DECISION AND ORDER ON CROSS-MOTIONS FOR SUMMARY JUDGMENT

JAMES E. MASSEY, Bankruptcy Judge.

Vincent Netherlands Properties, B.V., a corporation organized under the laws of The Netherlands, (the “Defendant”) holds by assignment a security deed on real property owned by Five Star Partners, L.P. (the “Plaintiff’ or “Debtor”) to secure a debt owed to the Defendant. When the Debtor filed this case, the Defendant had yet to comply with reporting and related requirements of the Georgia RICO Act. O.C.G.A. § 16-14-1, et seq. That statute provides in part that an alien corporation failing to comply with reporting and registration provisions “shall not be entitled to own, purchase, or sell any real property_” O.C.G.A. § 16-14-15(h). The Plaintiff contends that the Defendant’s failure to comply with reporting and registration provisions of the Georgia RICO Act renders the Defendant’s interest in the property voidable under 11 U.S.C. § 544(a).

There being no issue of material fact, each of the parties moved for summary judgment. In addition to the briefs submitted by the parties, Kragmore Properties, Ltd., a creditor, filed an amicus brief. The court heard oral argument from the Debtor, the Defendant and Kragmore on April 22, 1994.

The legal issues presented are matters of first impression. For the reasons given below, the court holds that O.C.G.A. § 16-14-15 is not a recording statute. The mere *997 failure of an alien corporation to comply with the reporting and registration provisions of the Georgia RICO Act does not permit a bona fide purchaser of real property to take title to that property free of the interests of the non-complying alien corporation in that property. The court further holds that the Debtor lacks standing under O.C.G.A. § 16-14-15 to challenge the validity of the security deed held by the Defendant.

FINDINGS OF FACT

Five Star Investment Properties, Inc. (“FSIP”) is the sole general partner of the Debtor. In December 1990, it acquired property consisting of three separate tracts of land located in Fulton County, Georgia, one of which is commonly known as the Biltmore Hotel (collectively the “Property”), from O.P.D.I.-U.S., Inc., a Georgia corporation, (“OPDI”). The purchase price consisted of $3,000,000 in cash and FSIP’s Purchase Money Real Estate Note (the “Note”) in the amount of $13,500,000. FSIP secured the Note with a Purchase Money Deed To Secure Debt (the “Security Deed”), which OPDI recorded in the office of the Clerk of the Superior Court of Fulton County, Georgia on December 18, 1990. The recorded Security Deed gave OPDI a first priority lien against the Property.

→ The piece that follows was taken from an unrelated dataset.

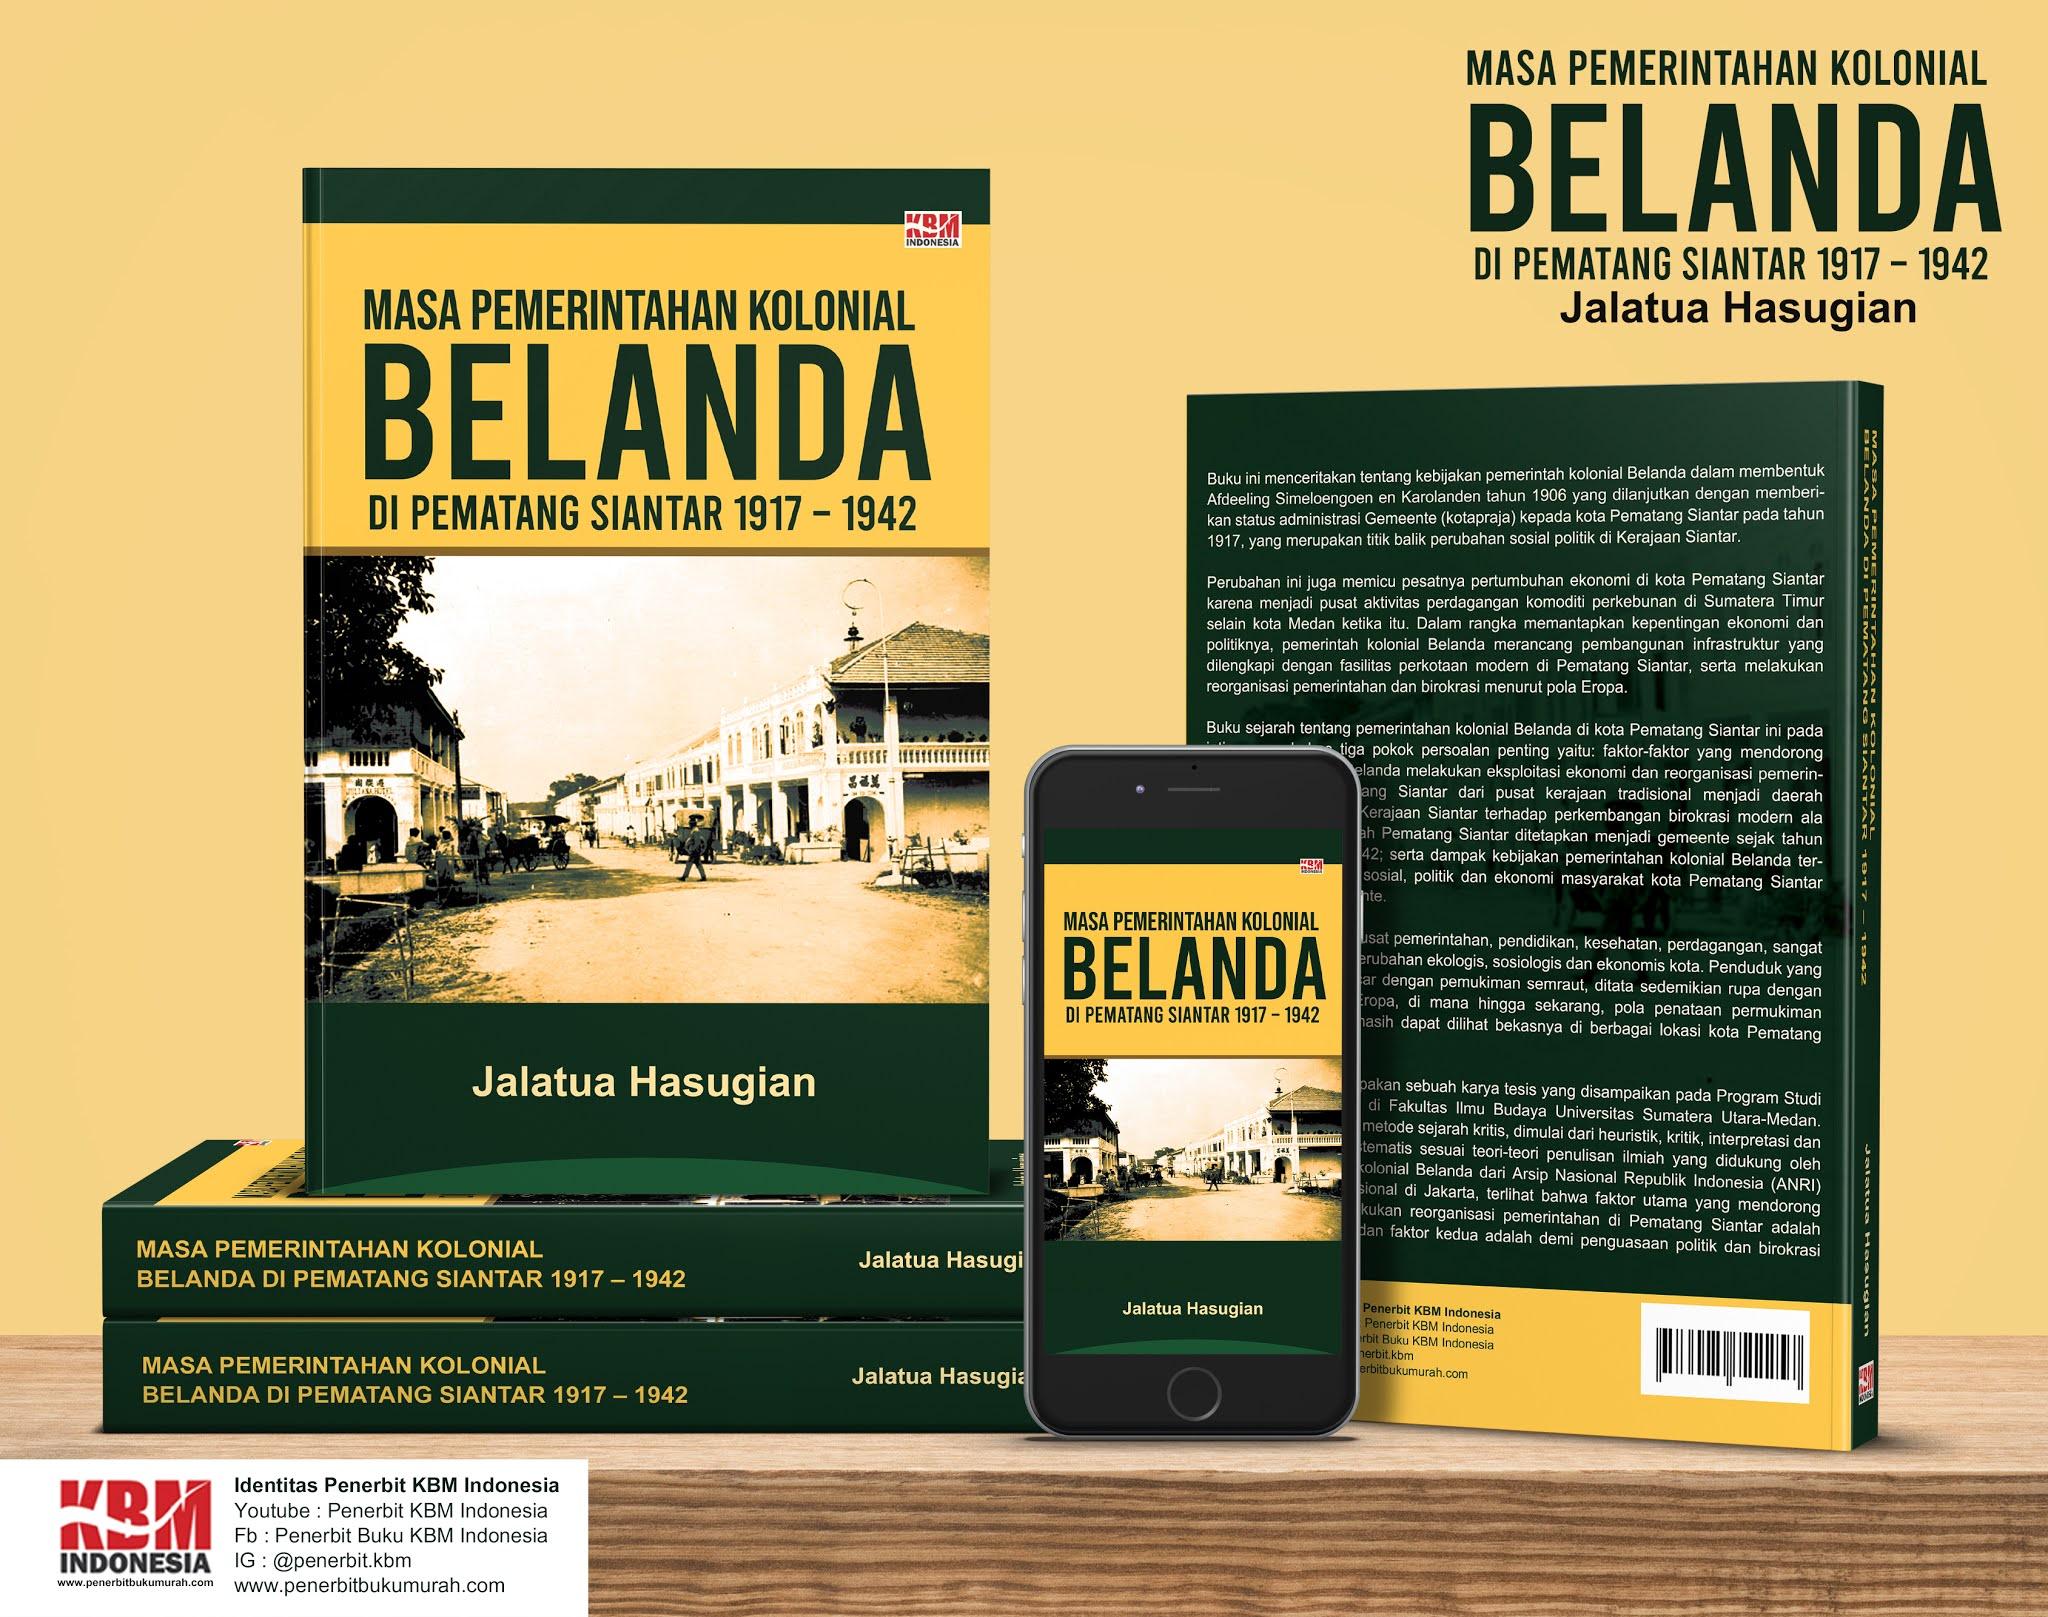 MASA PEMERINTAHAN KOLONIAL BELANDA DI PEMATANG SIANTAR 1917 – 1942
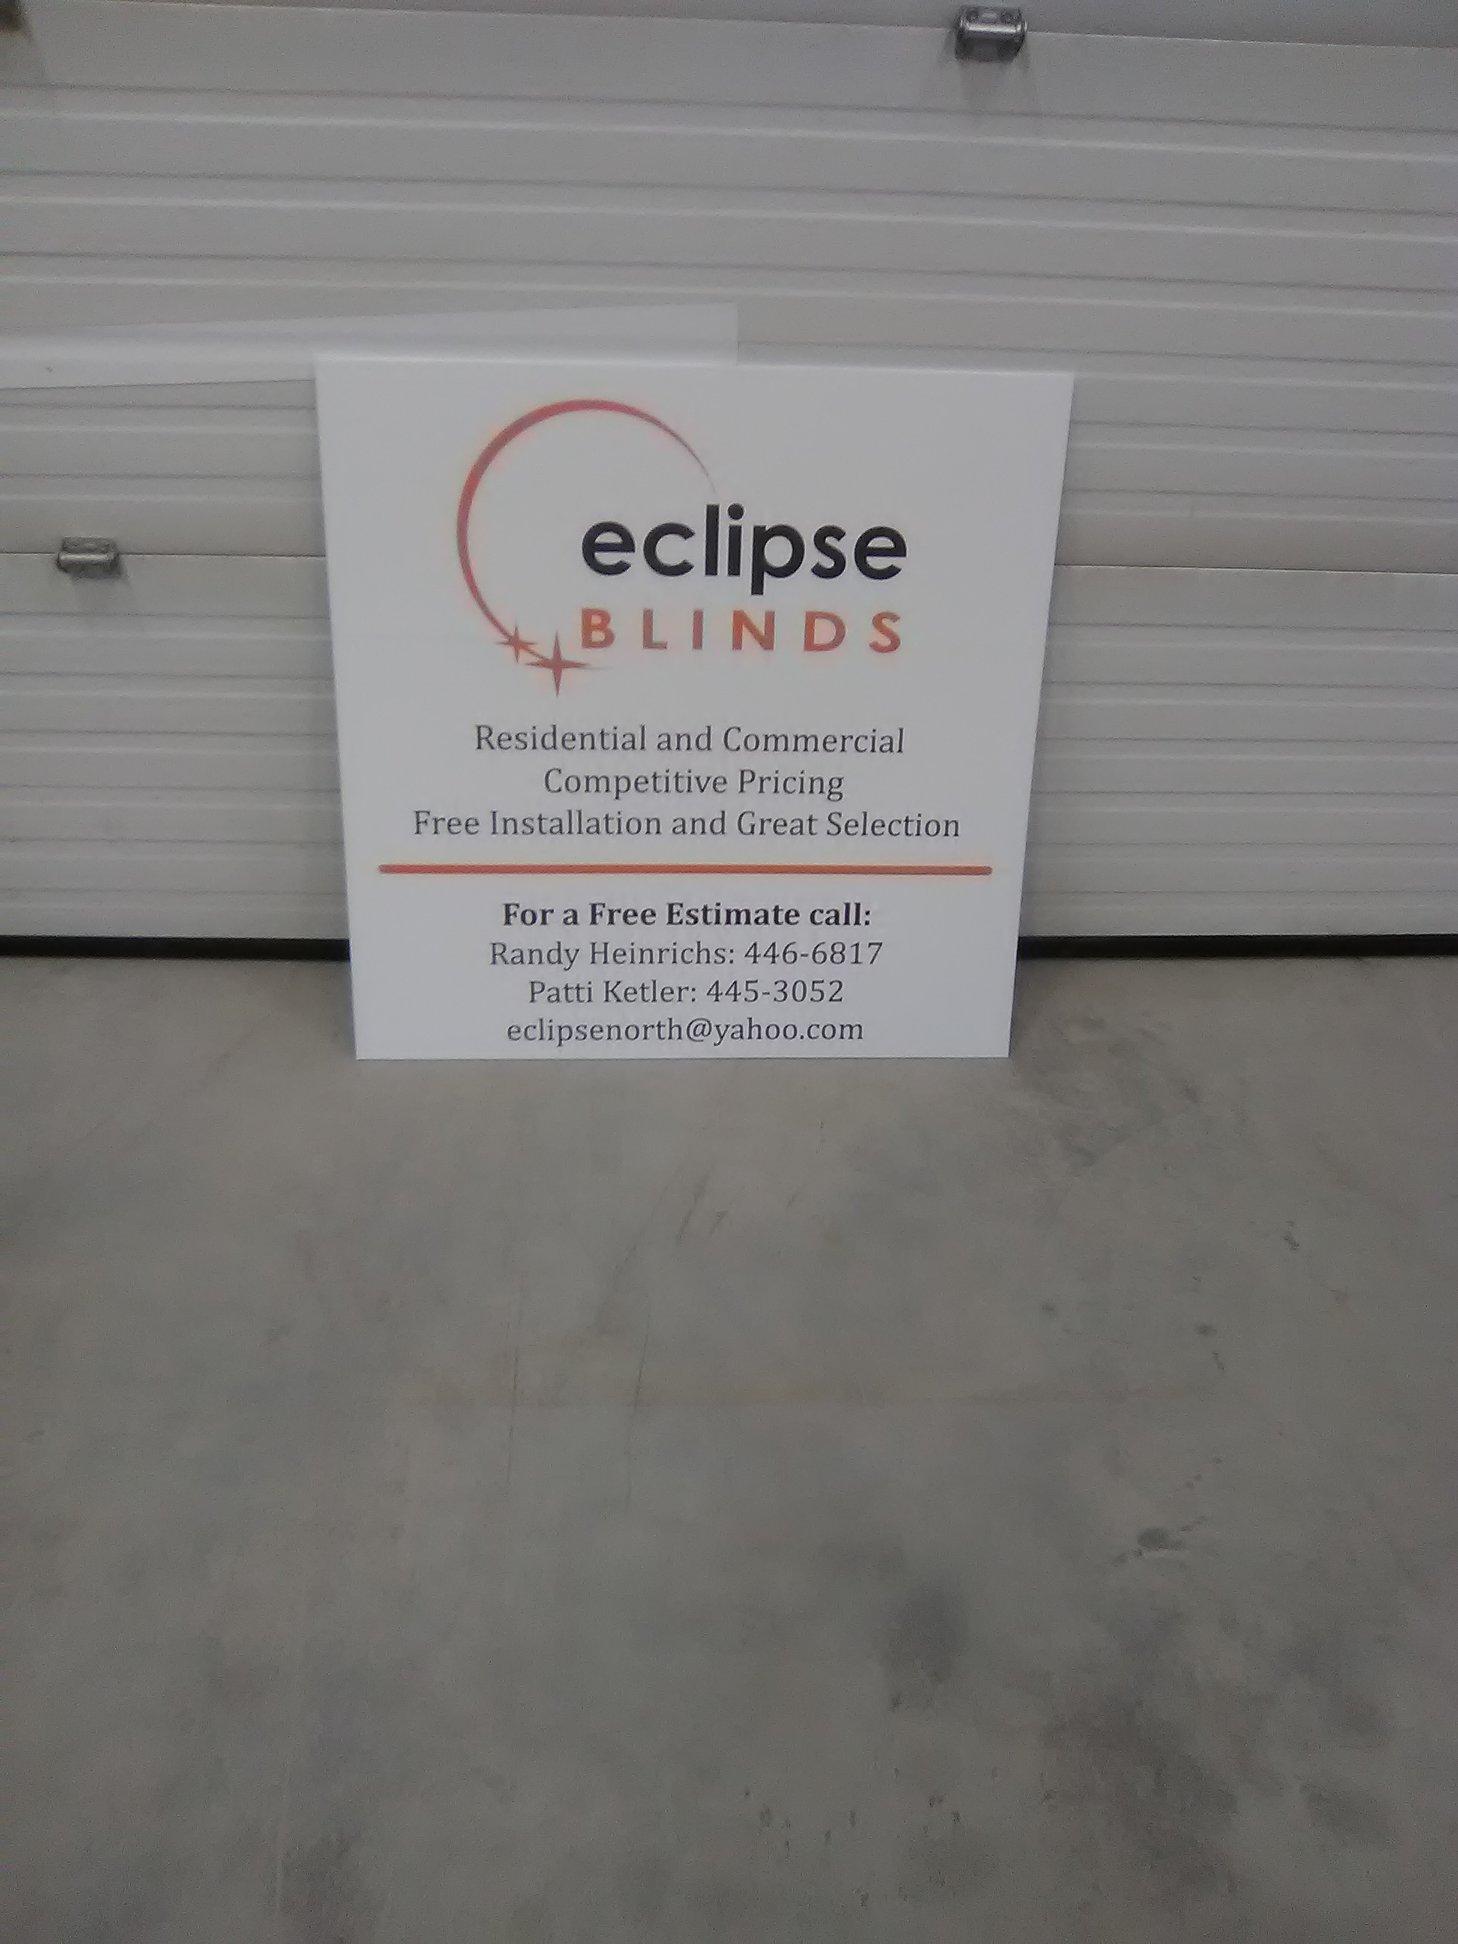 Eclipse Blinds Exterior Signage

By deeds dated July 1, 1991, FSIP transferred the Property to itself and G. Lars Gullstedt (“Gullstedt”), who in turn transferred it to the Debtor. Those deeds were recorded on February 7, 1992.

By an assignment dated August 19, 1991, OPDI transferred its interest in the Note and Security Deed to Vincent Antilles Holdings, N.V., a Netherlands Antilles corporation (“VAH”). By an assignment also dated August 19, 1991, VAH transferred the Note and Security Deed to the Defendant. Each one of those assignments was filed of record on September 3, 1991.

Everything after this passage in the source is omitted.